Prévenir avant de détecter
La détection intervient sur ce que la prévention n'a pas empêché. Or la mesure préventive la plus déterminante ne relève pas de l'outillage : c'est la séparation des fonctions, qui empêche qu'un même agent puisse initier une opération, la valider et l'enregistrer.
Une organisation qui concentre ces rôles sur une même personne produit des fraudes durablement invisibles, qu'aucune analyse a posteriori ne compense entièrement.
Source : Décret n° 2012-1246 du 7 novembre 2012, article 170
Les configurations qui appellent un examen
Ces situations sont fréquemment légitimes : un fractionnement peut résulter d'une contrainte budgétaire, un doublon d'une erreur de saisie.
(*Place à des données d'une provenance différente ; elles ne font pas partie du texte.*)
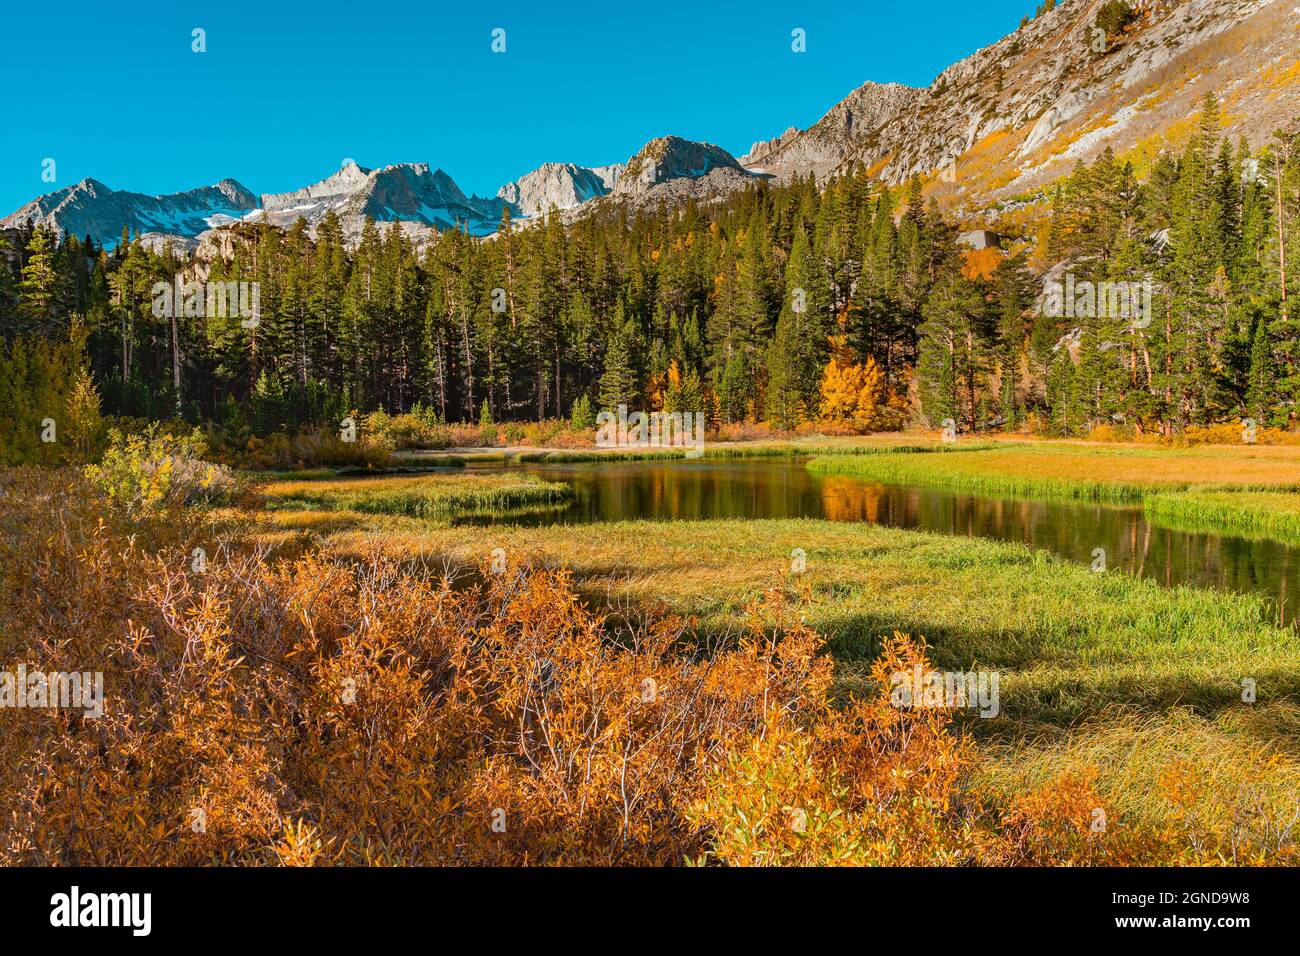 A fishing pond is surrounded by the Sierra Mountains and fall color and a meadow filled with evergreen trees in Central California. Stock Photo

Leur intérêt tient à ce qu'elles concentrent l'attention sur un volume d'opérations réduit.
- Dépenses fractionnées dont les montants se situent systématiquement juste sous un seuil de validation ou de mise en concurrence
- Règlements en doublon vers un même tiers pour un même montant
- Tiers créé au référentiel puis réglé dans un délai anormalement court
- Coordonnées bancaires modifiées peu avant un paiement significatif
- Adresse ou coordonnées bancaires partagées entre un tiers et un agent
- Cumul, chez un même agent, de rôles que le contrôle interne prévoit de séparer
- Opérations saisies en dehors des périodes ou des horaires habituels
Les contrôles comptables attendus
Le 5° du II de l'article 17 de la loi Sapin II prévoit des procédures de contrôles comptables destinées à s'assurer que les livres et comptes ne servent pas à masquer des faits de corruption. Ces contrôles peuvent être internes ou confiés à un auditeur externe.
Dans les organisations hors du périmètre de l'article 17, la même logique s'applique au titre du contrôle interne comptable prévu par le décret du 7 novembre 2012 : la qualité des comptes suppose de vérifier la réalité et la justification des opérations enregistrées.
Source : Loi n° 2016-1691 du 9 décembre 2016, article 17 (5° du II)
La limite des approches automatisées
Un dispositif qui traite ses signaux comme des conclusions produit deux effets contraires à son objet : un volume d'alertes que personne n'instruit, et des mises en cause infondées d'agents dont l'opération était régulière.
La règle inverse est plus tenable : chaque signal ouvre une vérification, dont l'issue est tracée, y compris lorsqu'elle conclut à l'absence d'anomalie. C'est cette traçabilité qui permet ensuite de démontrer que le dispositif fonctionne.